4. Do the sugars in dried fruits meet the definition of added sugars?

In the Nutrition Facts label final rule, we responded to comments on dried fruits (see response to comment 212, 81 FR 33742 at 33837). We said that dried fruits which have not had any sugar added to them should not be considered to contain added sugars because they are essentially a dehydrated whole fruit and still retain the nutrients and other components of a whole fruit (e.g. diced dried apples). However, if additional sugar is added to a dried fruit, the sugar added to the dried fruit must be declared on the label as added sugars (81 FR 33742 at 33837).

5. Are the sugars used in the production of vinegar added sugars?

In the production of vinegar, naturally occurring sugars are first fermented into alcohol and then a secondary fermentation occurs in which alcohol is converted to vinegar. For most vinegar products, no sugars remain in the final product. Vinegars that do not contain any sugars in the finished food would not need an added sugars declaration. However, we are aware of some vinegars (e.g., balsamic vinegar) that are made using ingredients that are often used as sweeteners in foods, and that are similar to concentrated fruit juices (e.g., grape must). According to the definition of added sugars, sugars found in concentrated fruit and vegetable juices that are in excess of what would be expected in the same volume of 100 percent fruit or vegetable juice of the same type are added sugars. Therefore, fruit juices that are concentrated before or during processing of some vinegars contain sugars that are consistent with our definition of added sugars.
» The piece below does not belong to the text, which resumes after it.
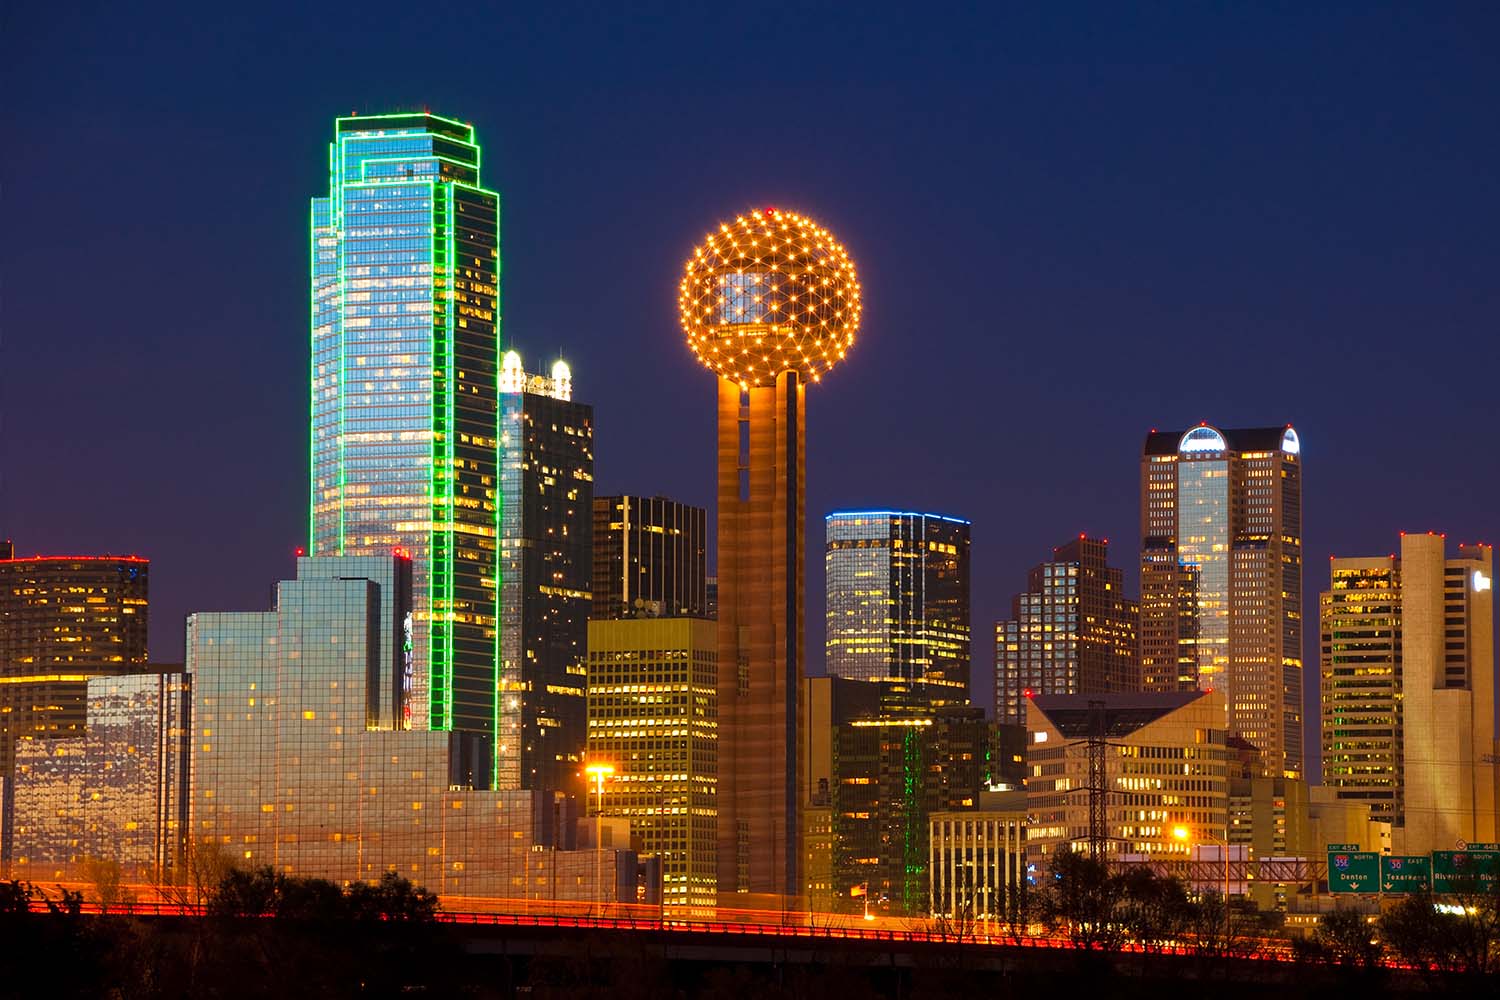 The Reunion Tower

To the extent that sugars that meet our definition of added sugars are present in the finished product, the added sugars must be declared on the label and in labeling, as required in our Nutrition Facts label final rule. We understand that the manufacturing of vinegar involves several steps, and manufacturers need to consider the impact of these steps (e.g. potential concentration due to water loss when aged in wooden barrels) on the final added sugars declaration.

6. The definition of added sugars excludes the “fruit component of fruit spreads.” What constitutes the “fruit component” of a non-standardized fruit spread?

Please see our response to question 1 above. The fruit component of a non-standardized fruit spread would include whole fruits, pieces of fruit, dried fruit, fruit or vegetable purees (single strength or concentrated), fruit pulps, single strength juices, fruit and vegetable pastes, and fruit and vegetable powders that are not made from fruit or vegetable juices.

7. Do sugars found in fruits and vegetables that have been processed to change the form of the fruit or vegetable (e.g., concentrated fruit and vegetable purees, fruit and vegetable pastes, and fruit and vegetable powders) need to be declared as added sugars on the label?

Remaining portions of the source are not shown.